(Records from a data source)
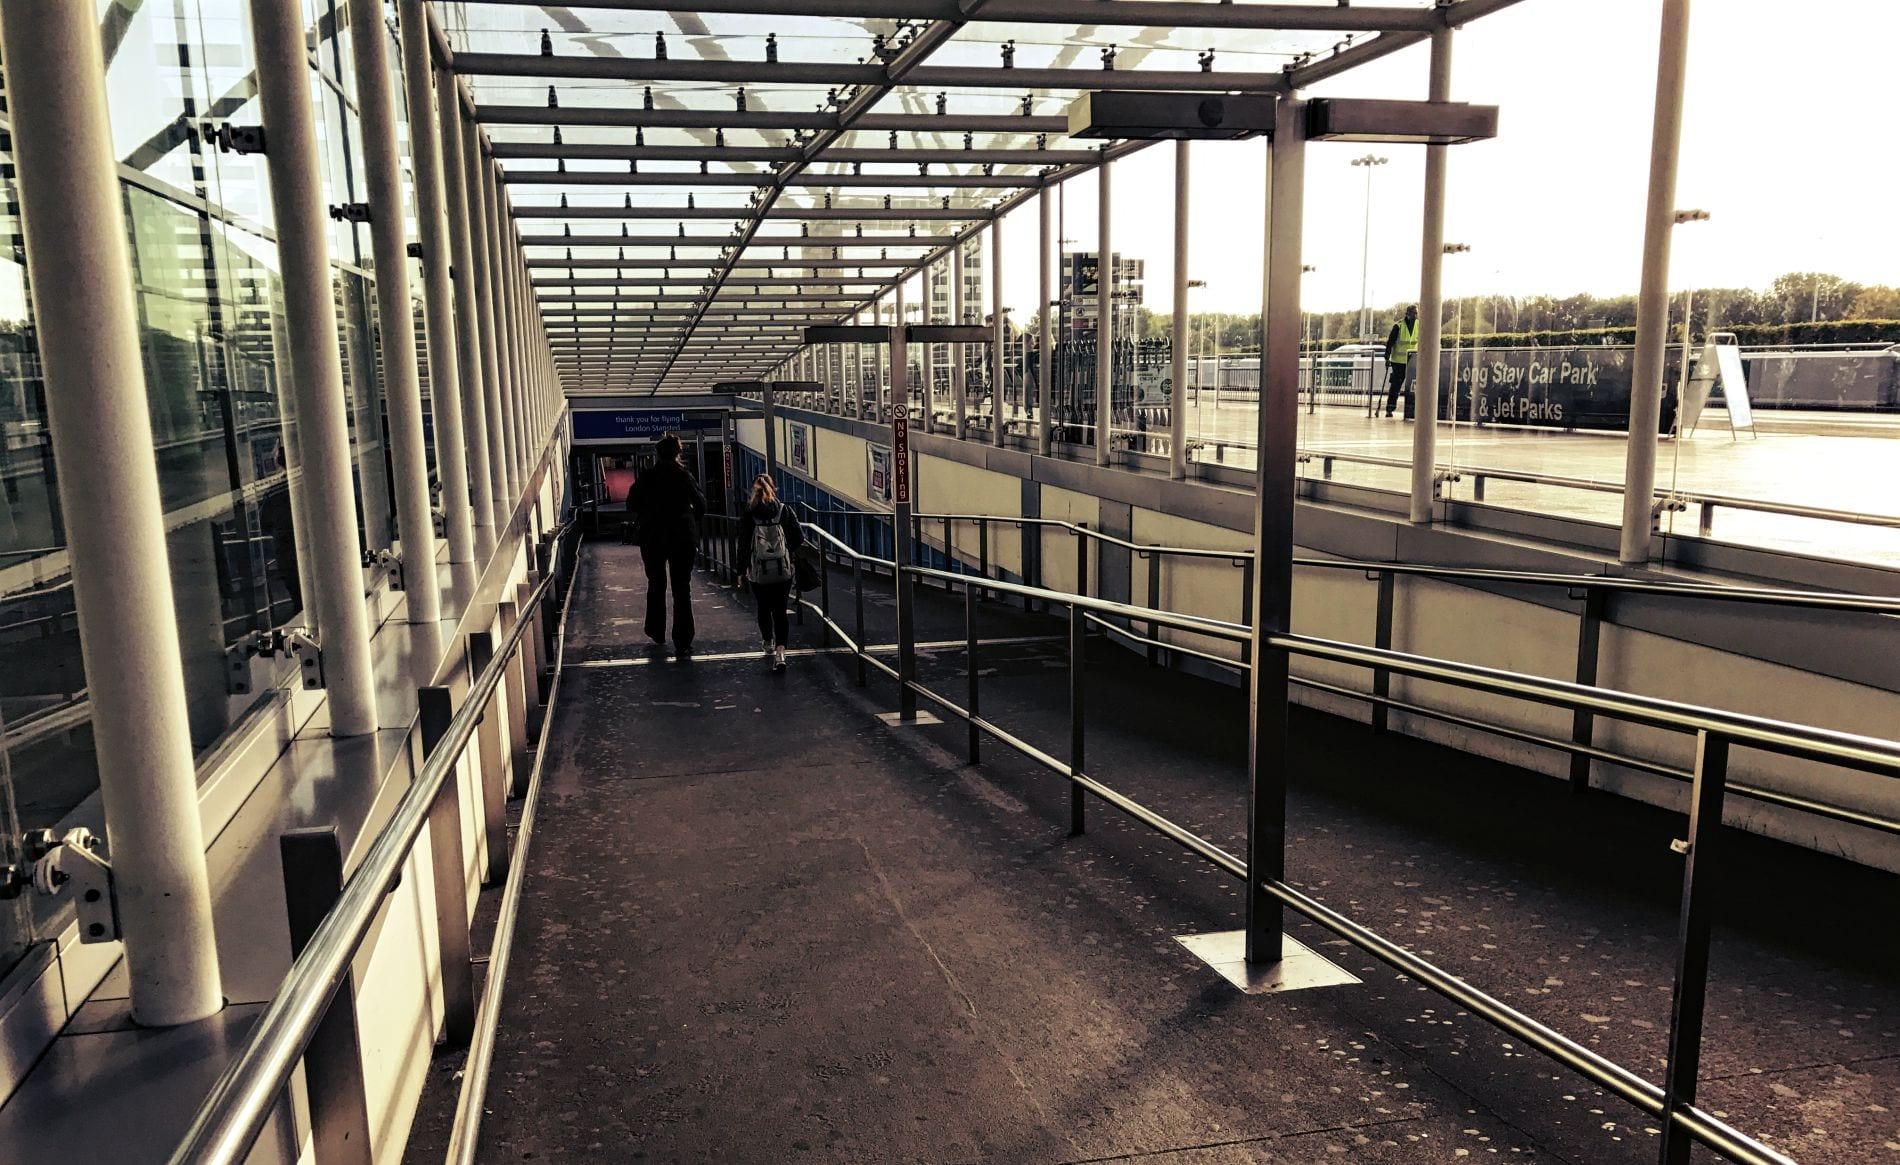 stansted-nach-london-bus-weg-zu-bussen
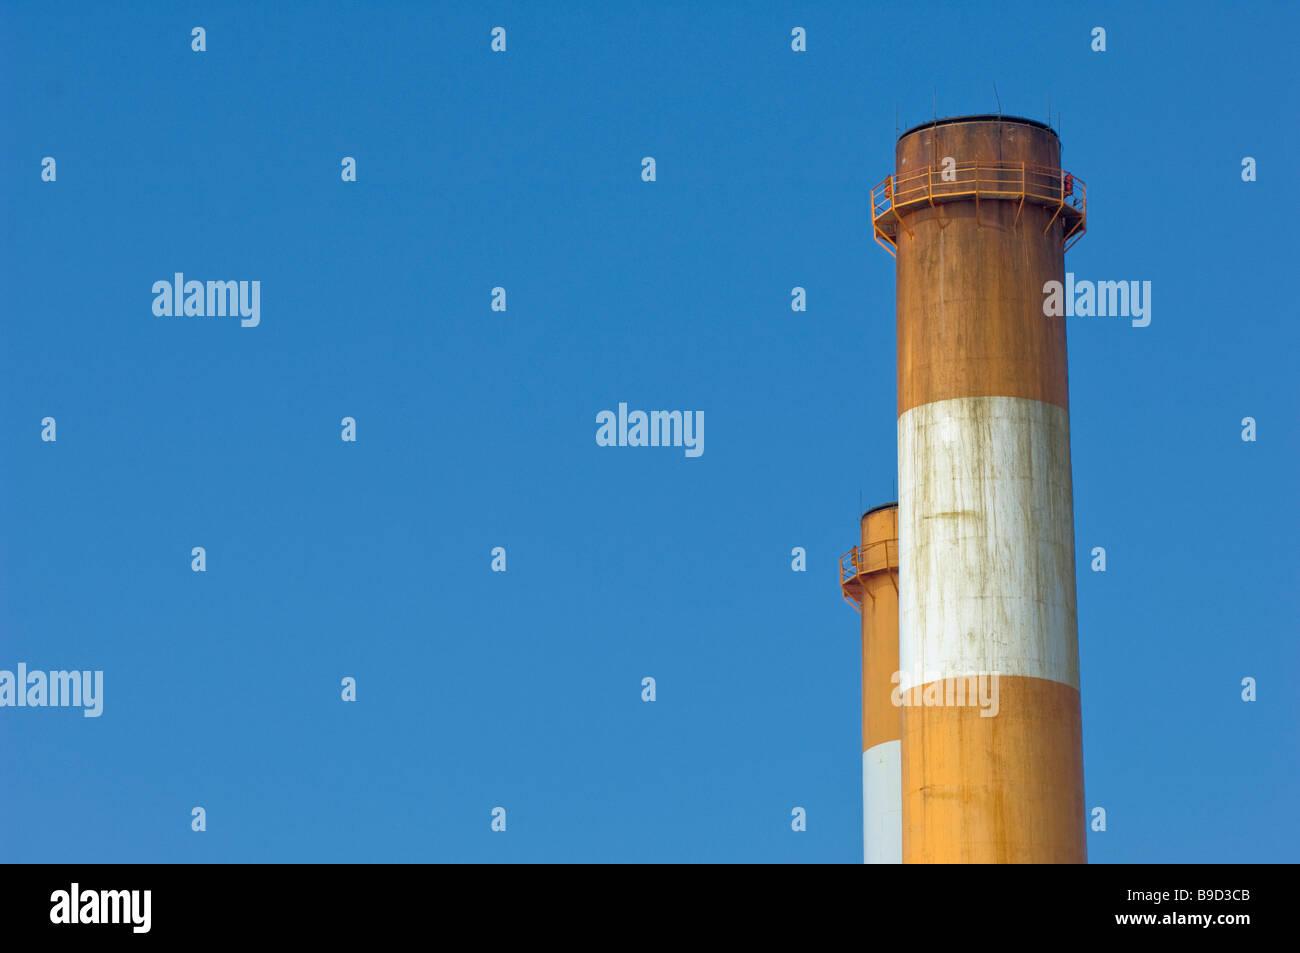 Schornstein Luft Qualität Verschmutzung Himmel sauber schmutzig Stockfoto
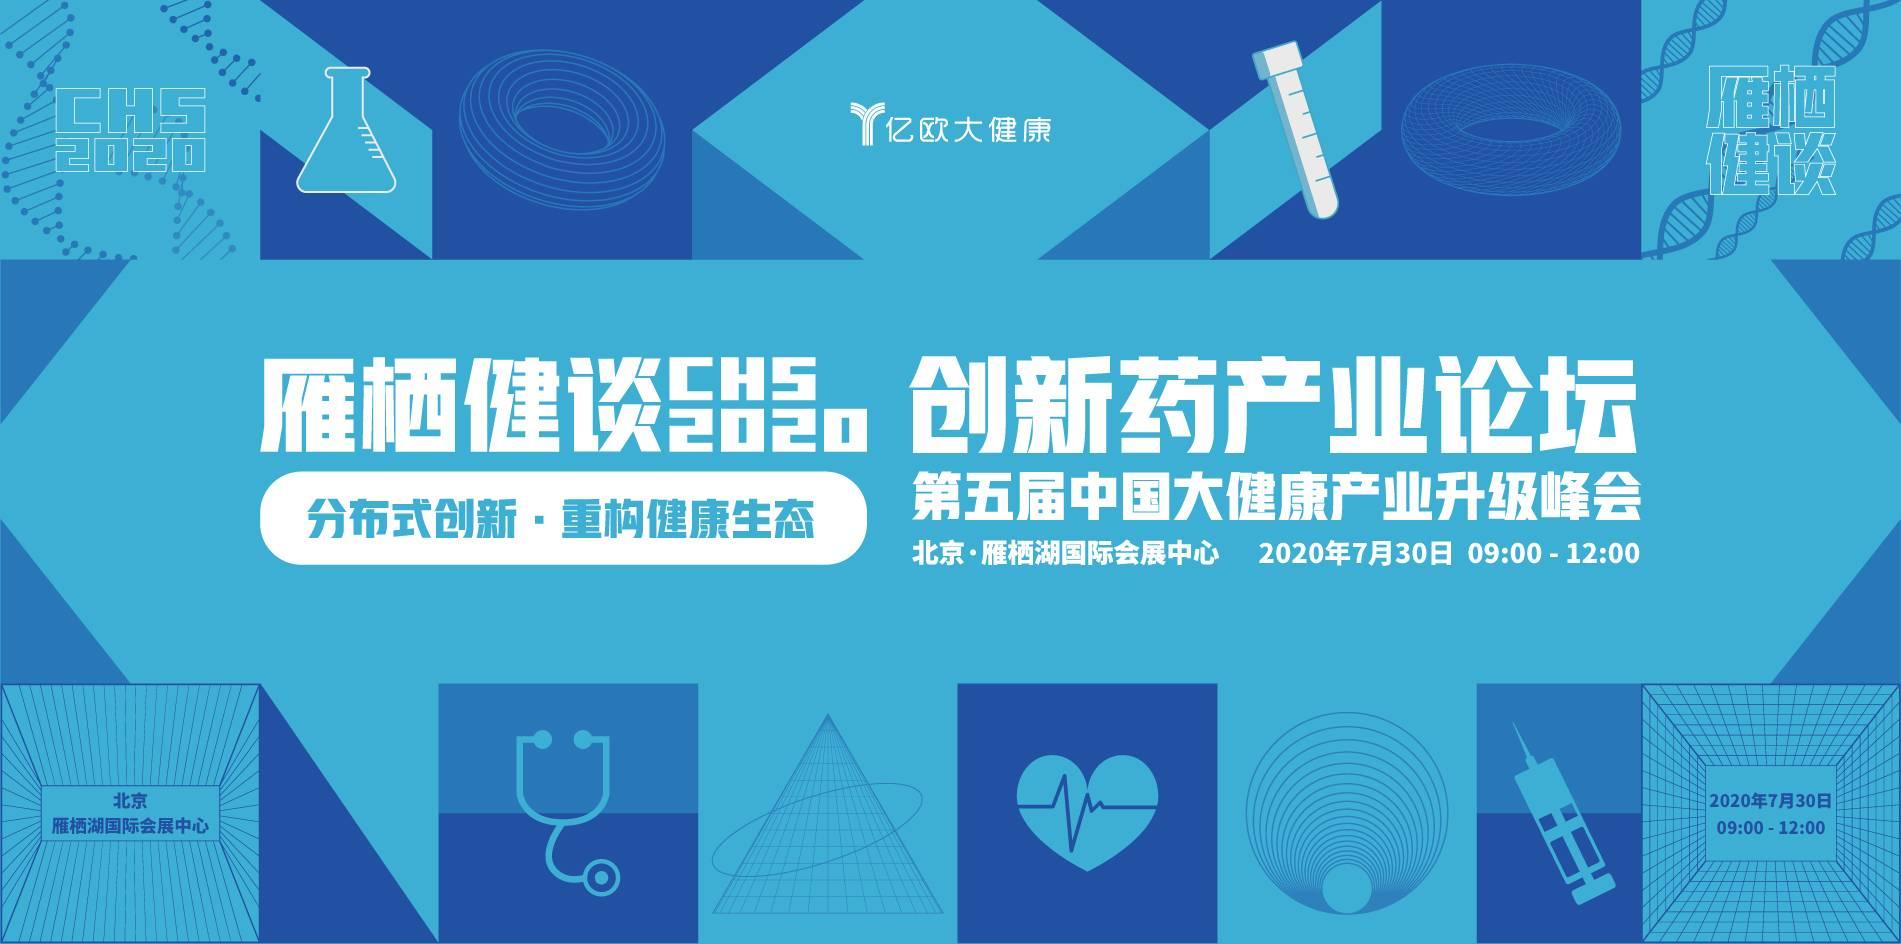 【活动】创新药产业论坛-亿欧
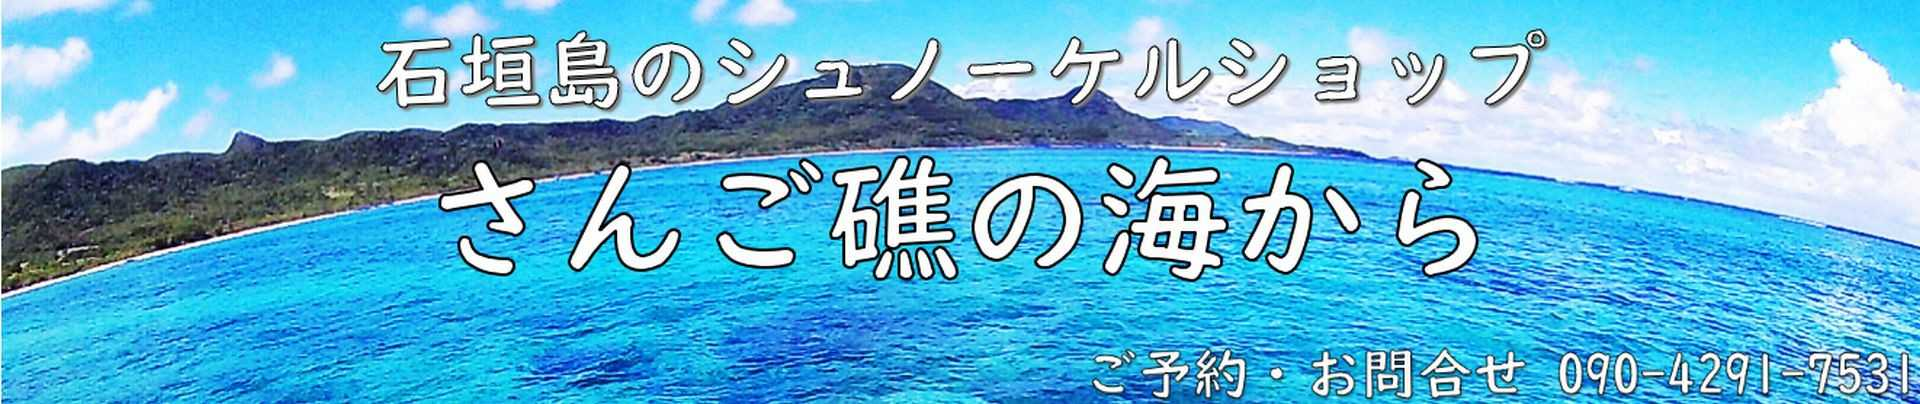 石垣島で少人数のシュノーケリングショップ『さんご礁の海から』初心者の方にもおすすめの午前と午後の半日ツアーを開催
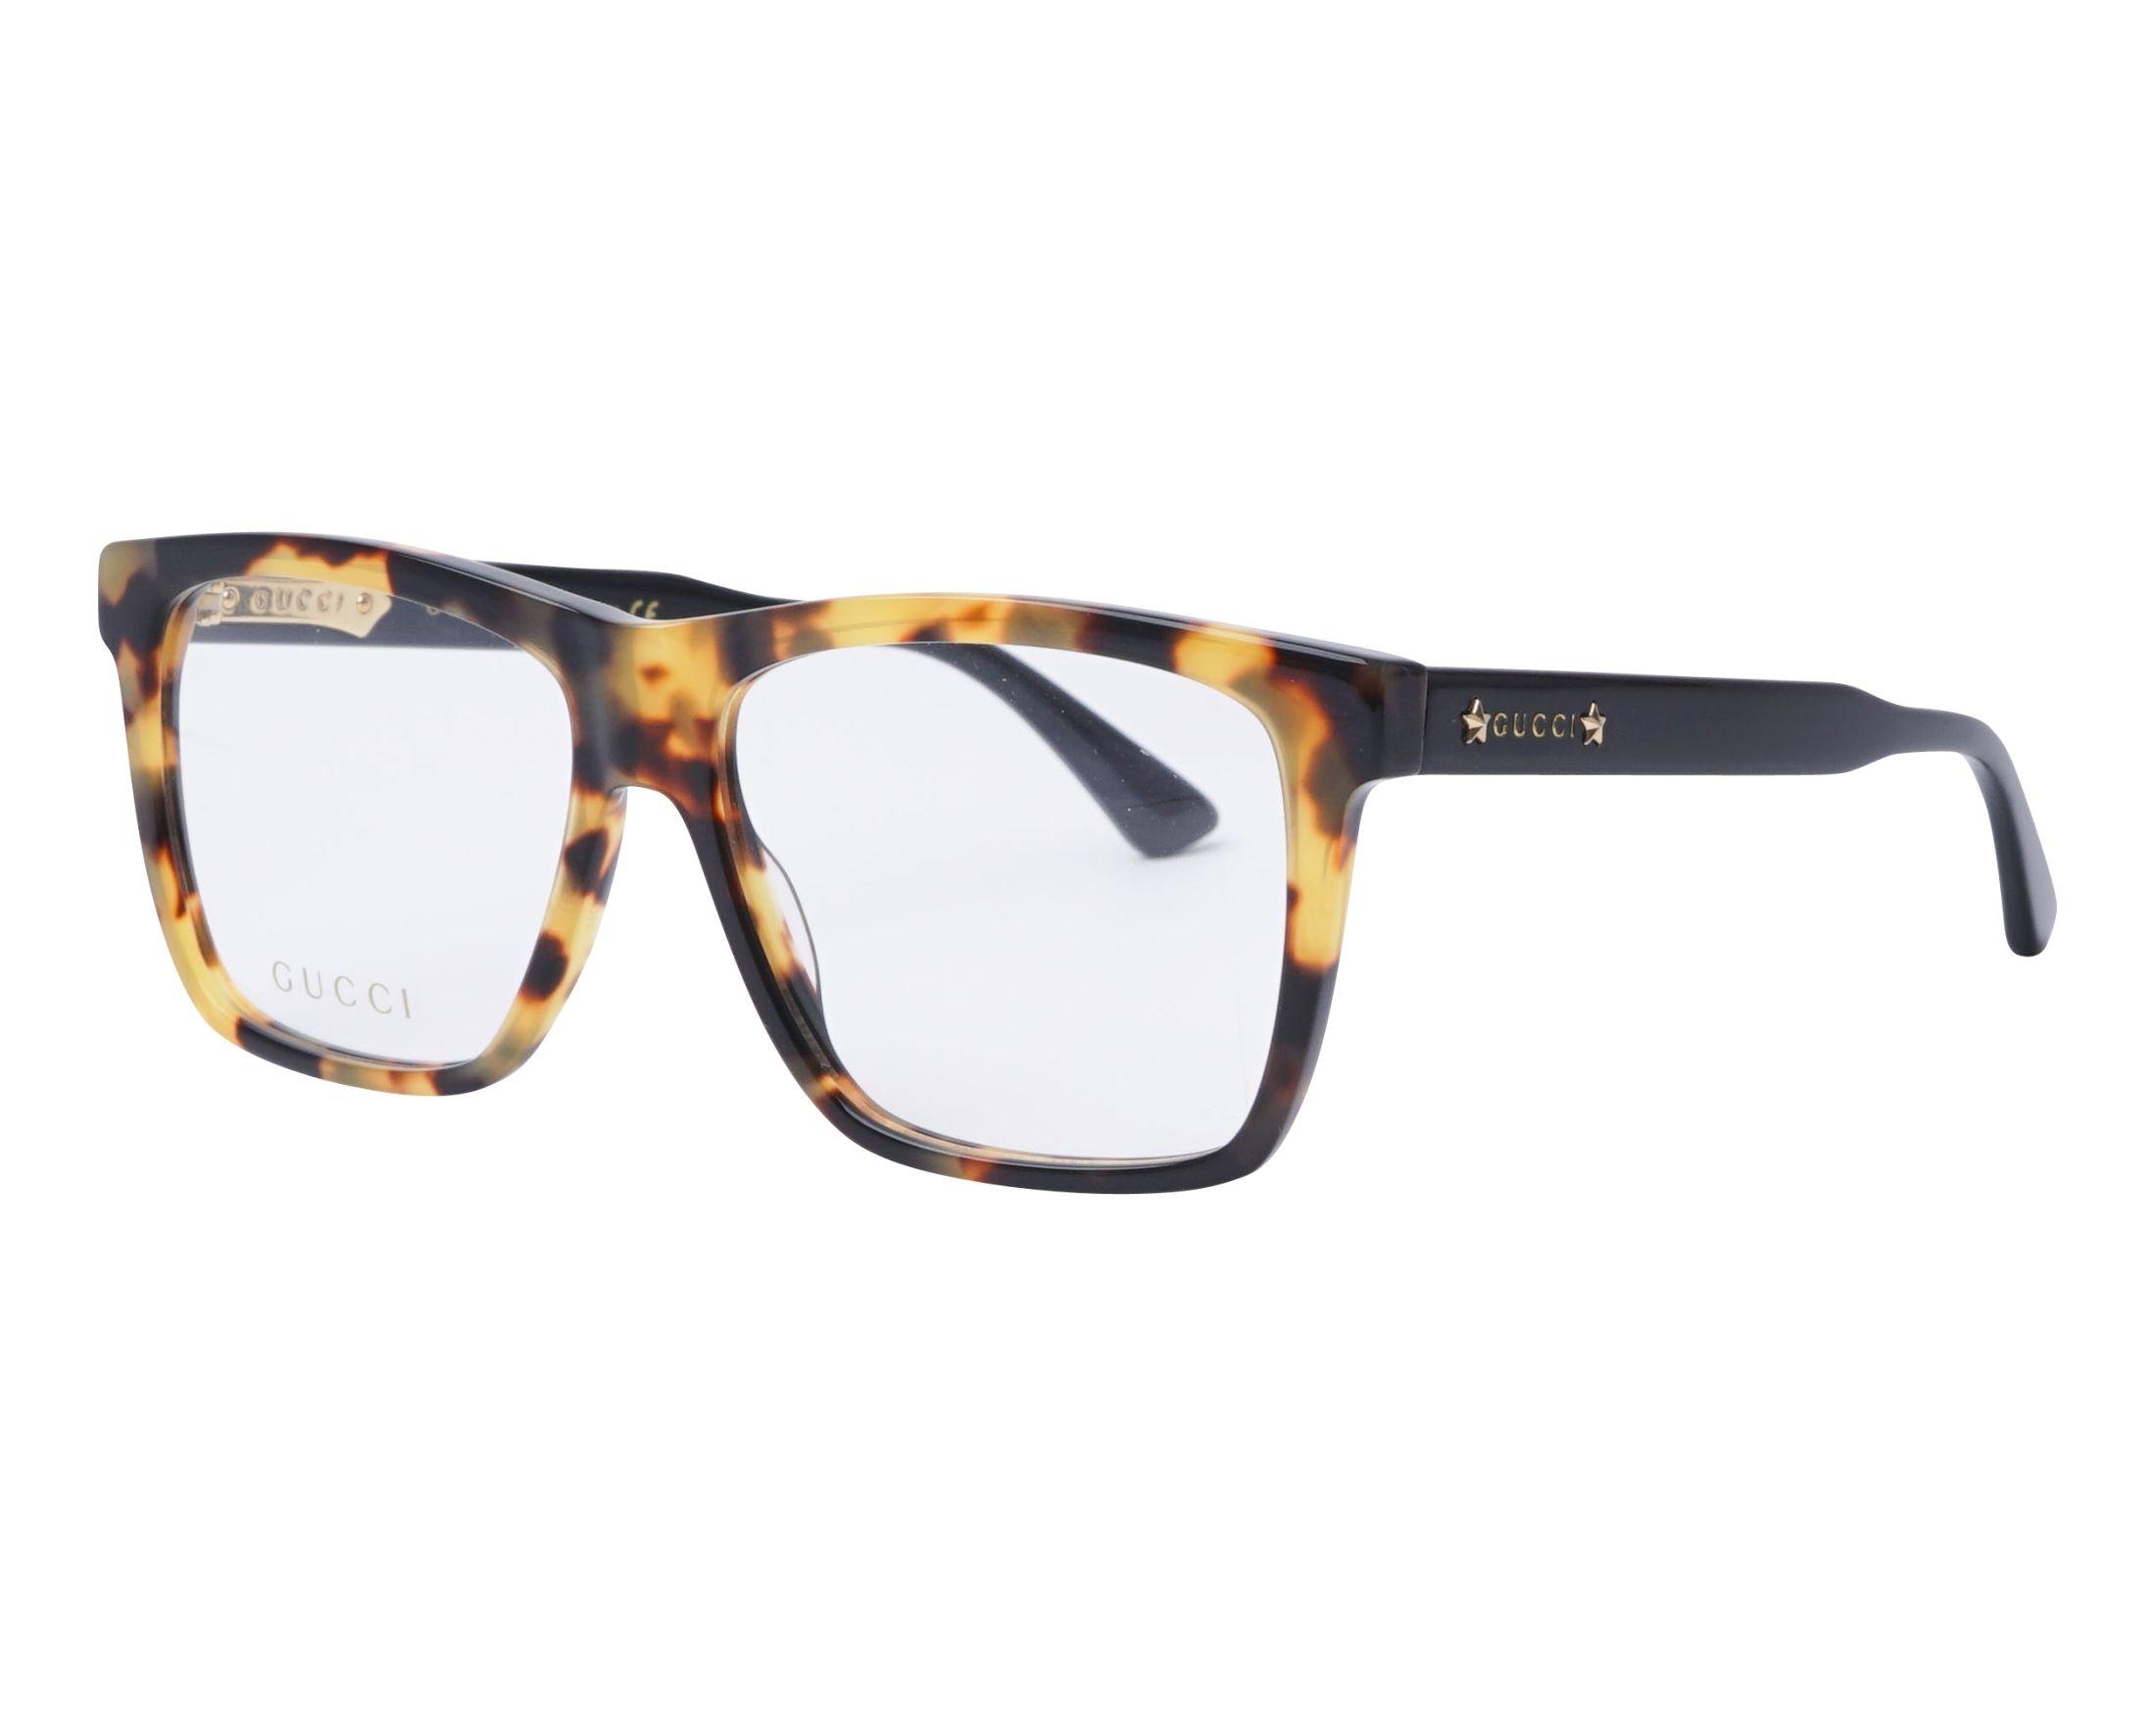 a23fd7e5dc4 eyeglasses Gucci GG-0268-O 004 55-14 Brown Black profile view

Your goal
Your copy should run from the line that has "石垣島で少人数のシュノーケリ" through the last line above, exactly, with both ends in and pictures out.

Solution to the problem
 石垣島で少人数のシュノーケリングショップ『さんご礁の海から』初心者の方にもおすすめの午前と午後の半日ツアーを開催
 a23fd7e5dc4 eyeglasses Gucci GG-0268-O 004 55-14 Brown Black profile view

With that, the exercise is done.